A single update of a model's weights during training. An iteration consists of computing the gradients of the parameters with respect to the loss on a single batch of data.6

Tensor

The primary data structure in TensorFlow programs. Tensors are N-dimensional (where N could be very large) data structures, most commonly scalars, vectors, or matrices. The elements of a Tensor can hold integer, floating-point, or string values.

checkpoint

Data that captures the state of the variables of a model at a particular time. Checkpoints enable exporting model weights, as well as performing training across multiple sessions. Checkpoints also enable training to continue past errors (for example, job preemption). Note that the graph itself is not included in a checkpoint.6

embeddings

A categorical feature represented as a continuous-valued feature. Typically, an embedding is a translation of a high-dimensional vector into a low-dimensional space. For example, you can represent the words in an English sentence in either of the following two ways:

As a million-element (high-dimensional) sparse vector in which all elements are integers. Each cell in the vector represents a separate English word; the value in a cell represents the number of times that word appears in a sentence. Since a single English sentence is unlikely to contain more than 50 words, nearly every cell in the vector will contain a 0. The few cells that aren't 0 will contain a low integer (usually 1) representing the number of times that word appeared in the sentence.
As a several-hundred-element (low-dimensional) dense vector in which each element holds a floating-point value between 0 and 1. This is an embedding.

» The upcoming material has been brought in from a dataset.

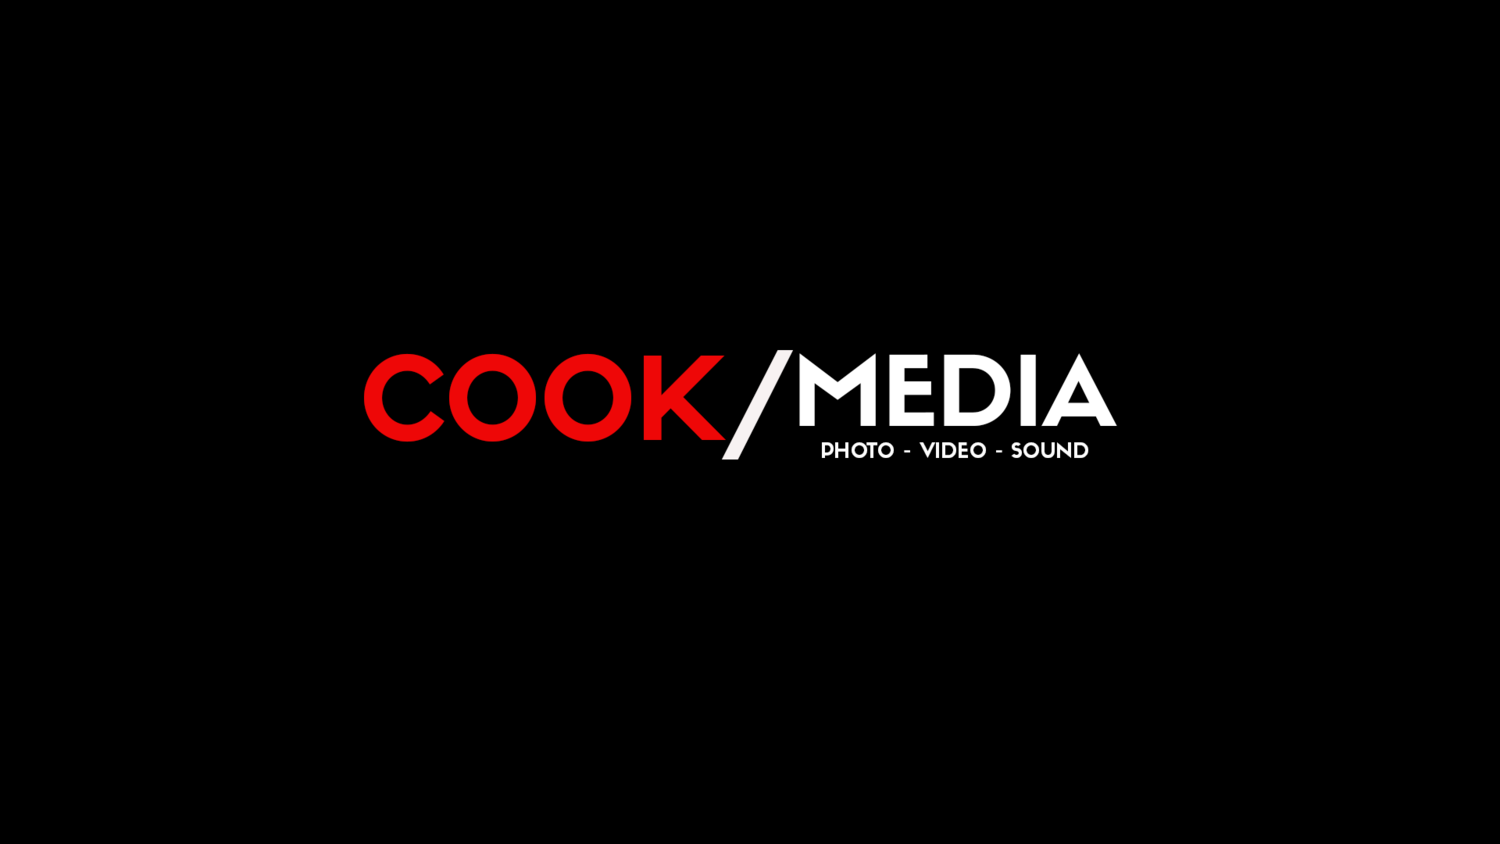 Cook/Media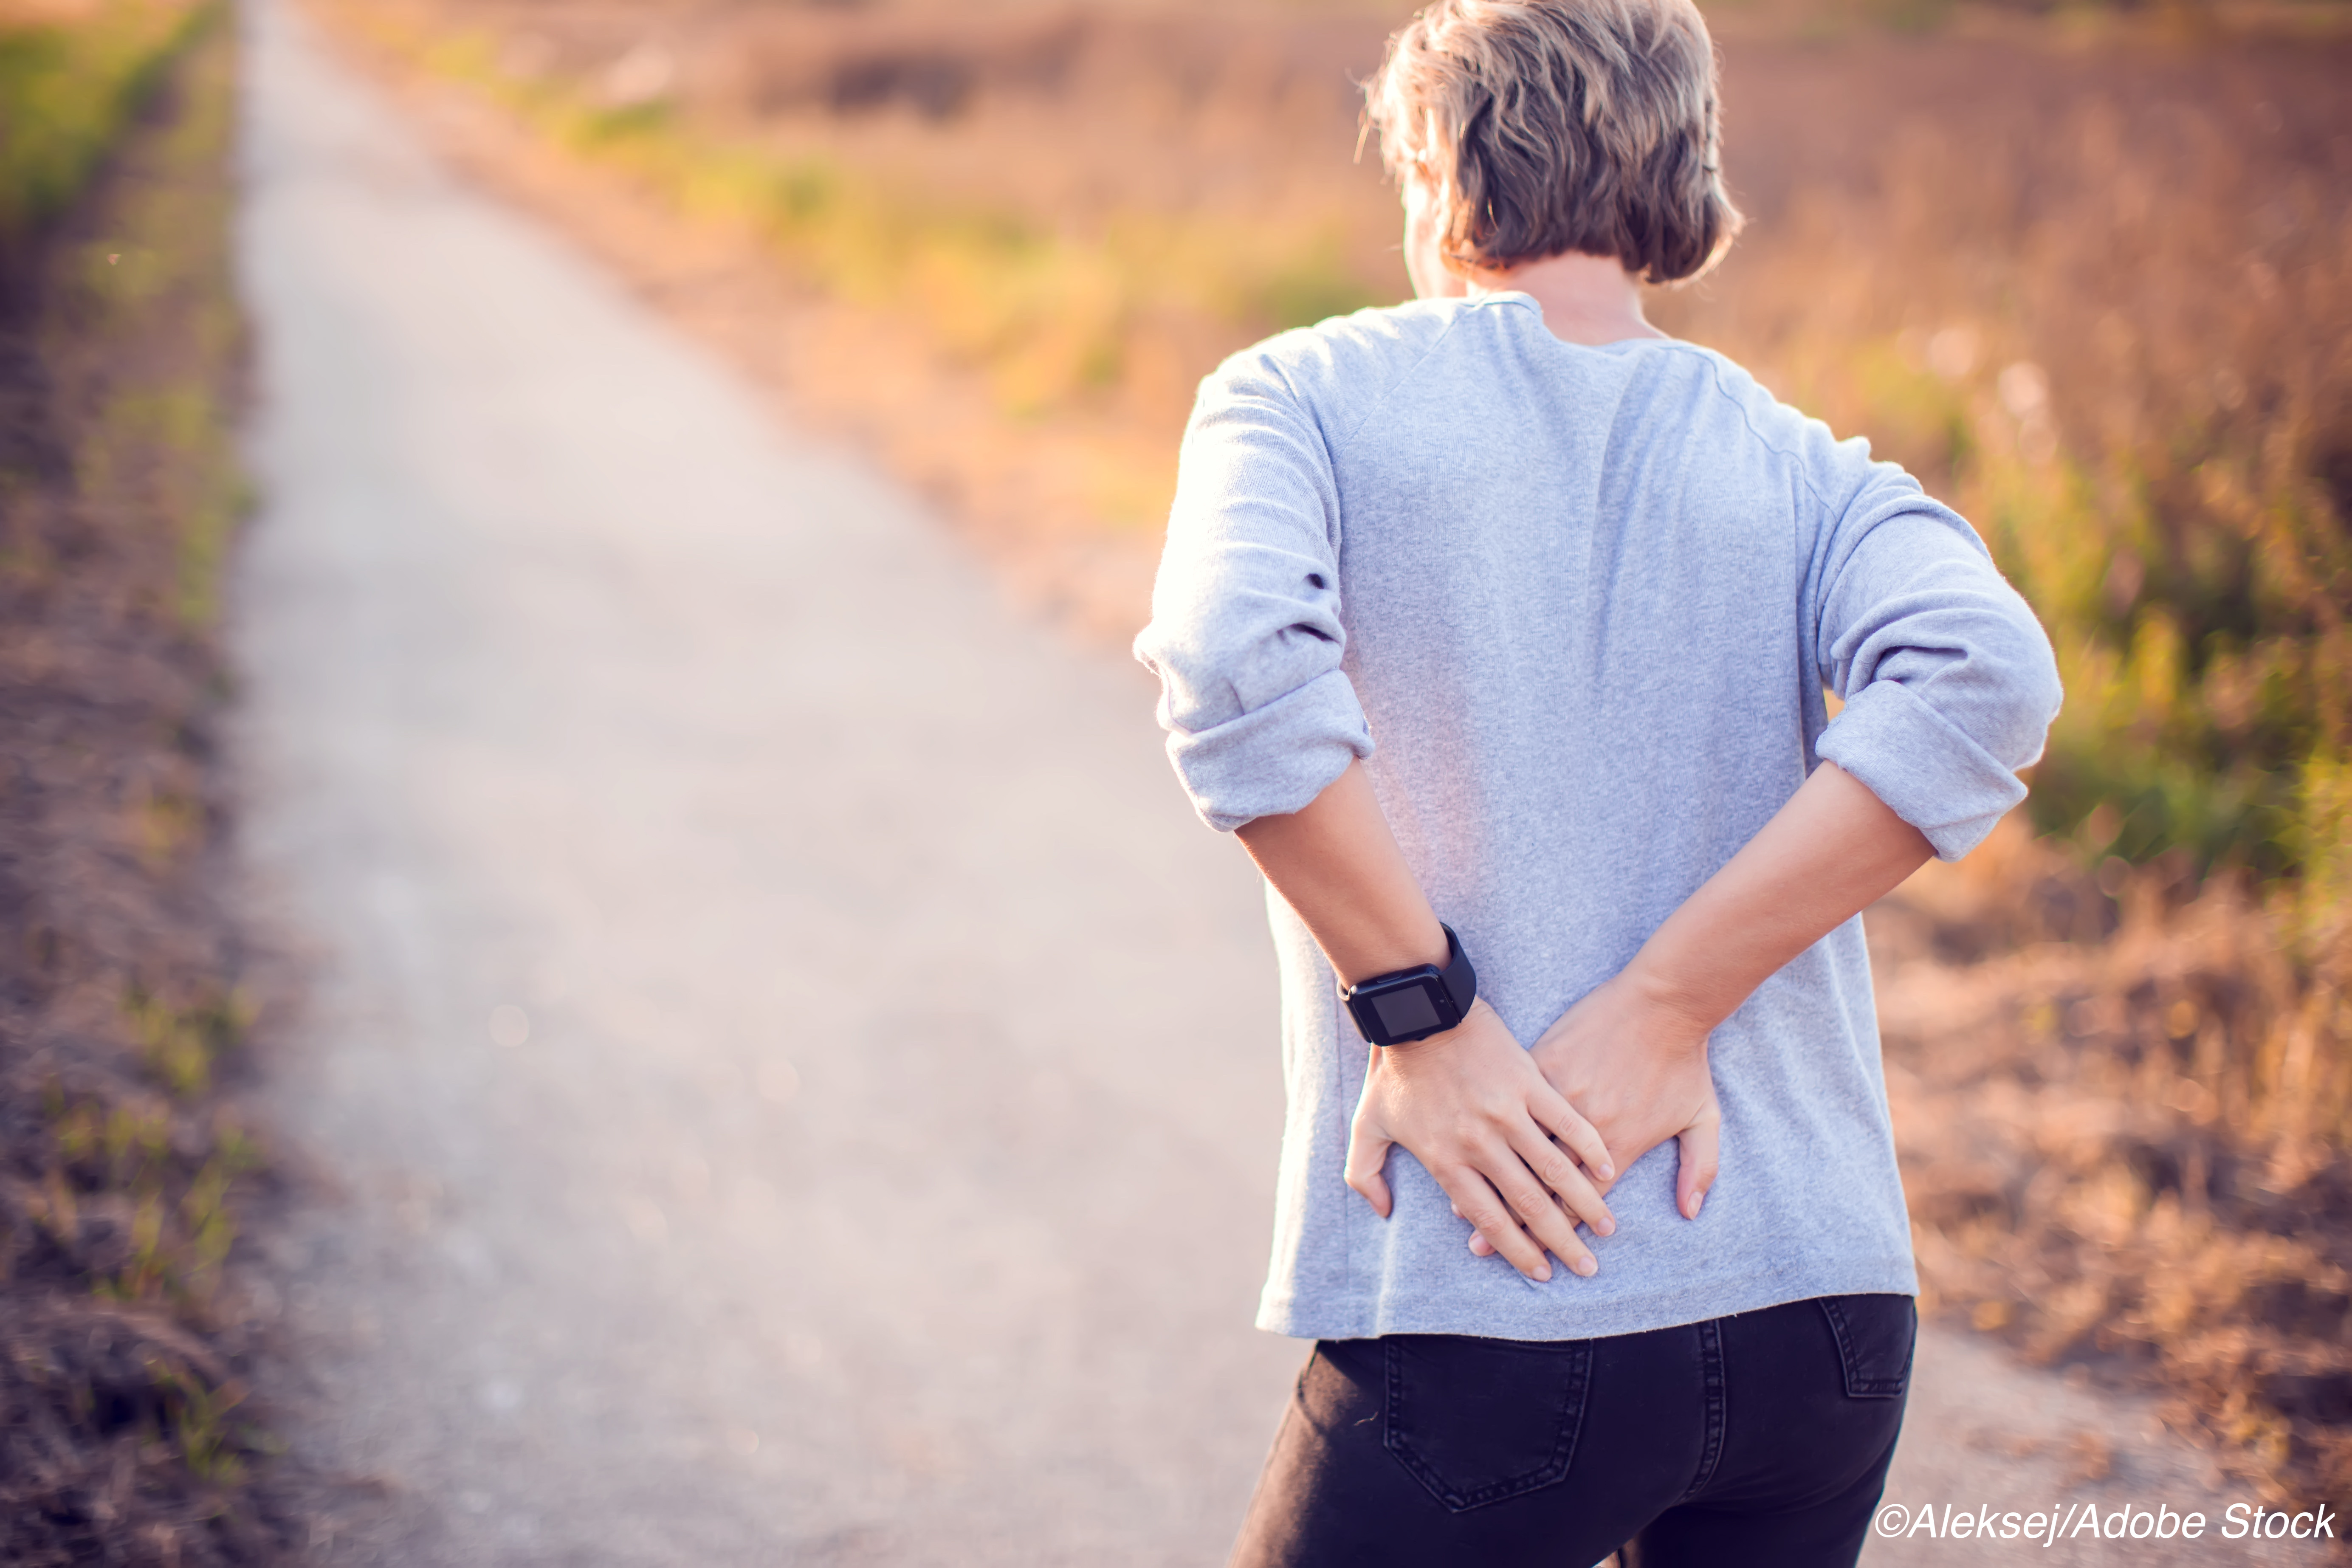 Antidepressants for Back Pain, Osteoarthritis: More Harm than Good?

In TensorFlow, embeddings are trained by backpropagating loss just like any other parameter in a neural network.6

Active Function

A function (for example, ReLU or sigmoid) that takes in the weighted sum of all of the inputs from the previous layer and then generates and passes an output value (typically nonlinear) to the next layer.6

weight

A coefficient for a feature in a linear model, or an edge in a deep network. The goal of training a linear model is to determine the ideal weight for each feature. If a weight is 0, then its corresponding feature does not contribute to the model.6

ENSD

ENSD is the eta noise seed delta, which changes the seed.

NAI uses 31337

CLIP

CLIP is a very advanced neural network that transforms your prompt text into a numerical representation. Neural networks work very well with this numerical representation and that's why devs of SD chose CLIP as one of 3 models involved in Stable Diffusion's method of producing images. As CLIP is a neural network, it means that it has a lot of layers. Your prompt is digitized in a simple way, and then fed through layers. You get numerical representation of the prompt after the 1st layer, you feed that into the second layer, you feed the result of that into third, etc, until you get to the last layer, and that's the output of CLIP that is used in Stable Diffusion. This is the slider value of 1. But you can stop early, and use the output of the next to last layer - that's slider value of 2. The earlier you stop, the less layers of neural network have worked on the prompt.

https://github.com/AUTOMATIC1111/stable-diffusion-webui/wiki/Features#ignore-last-layers-of-clip-model

WebUi uses the clip-interrogator project, which combines the blip and clip projects to greatly optimise the image to text process. blip is responsible for interpreting the text from the original image, while clip is responsible for interpreting the description of the new image suitable for creation.

CUDA

With CUDA technology, the graphics card can be simulated as a PhysX physics acceleration chip.